Libraries worry that segmenting cardholders into clusters is an invasion of privacy. There are software systems which allow you to segment cardholders without actually seeing what they’re checking out. At my library, we are only able to see that a customer checked out an eBook from Overdrive or borrowed a song from Hoopla… we can’t actually see the title of either checkout. I admit that seeing the title would be nice and would help us to target our cardholders even more effectively. Think about the marketing potential you’d have if you knew that a particular person checked out a dozen cookbooks every time the holidays rolled around… or that they are a mega-fan of Stephen King! In any case, I can’t see the titles and therefore, I cannot breach the privacy of any of my cardholders.

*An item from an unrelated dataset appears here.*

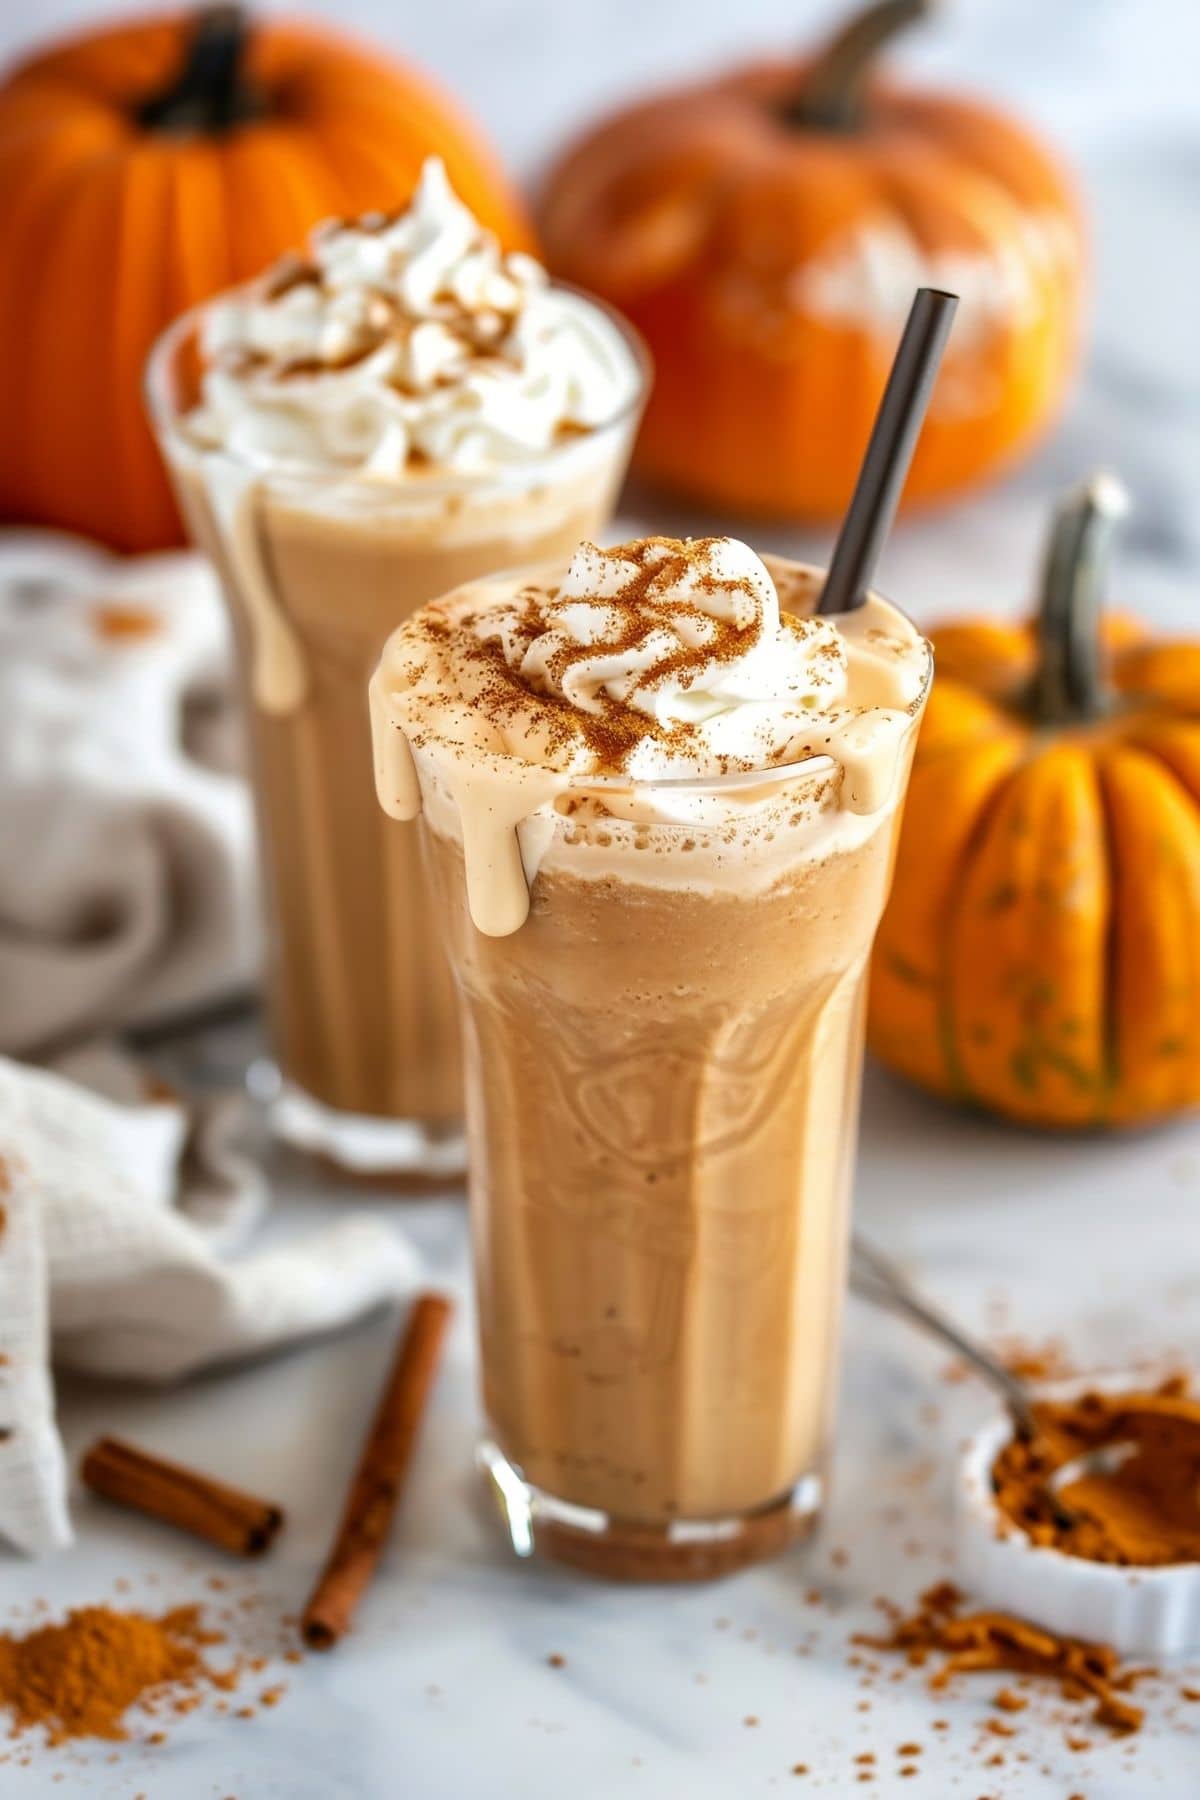 Two Pumpkin Milkshakes in Tall Glasses with Whipped Cream and Cinnamon on a White Marble Table Decorated with Pumpkins and Cinnamon Sticks

Libraries worry that by sending targeted messages to segmented audiences, they will miss out on the chance to get their message to all their cardholders. Many libraries are sending the same message to every cardholder, sometimes hundreds of thousands of people in one burst. It feels like the natural thing to do. “Everyone needs to know about this!” The problem with that approach is that your cardholders are individuals. One message never fits them all. This is particularly true if your service area covers a range of incomes and demographics. The needs and interests of your cardholders vary greatly. By targeting your message, you are more likely to say something that matters significantly to your cardholders, which makes them more likely to take an action, which makes it more likely that your email will be successful. Some of my most successful marketing emails were sent to less than 2000 cardholders.
In addition to cardholder usage, most email software systems will allow you to target emails by location. We did this for a recent branch anniversary celebration, sending notice of the party only to people who had listed that branch library as their home location–which amounted to 14,000 cardholders or 2.3 percent of the total number of cardholders in our system. The branch manager thought 250 people might show up for the celebration. She was surprised when 400 eager cardholders came to the party! That’s success, my friends.
Do not let your fears about email set you up for failure. Your cardholders want to hear from you. There are not very many industries who can say that their customers are begging to be marketed to… let’s take advantage of it and give the people what they want!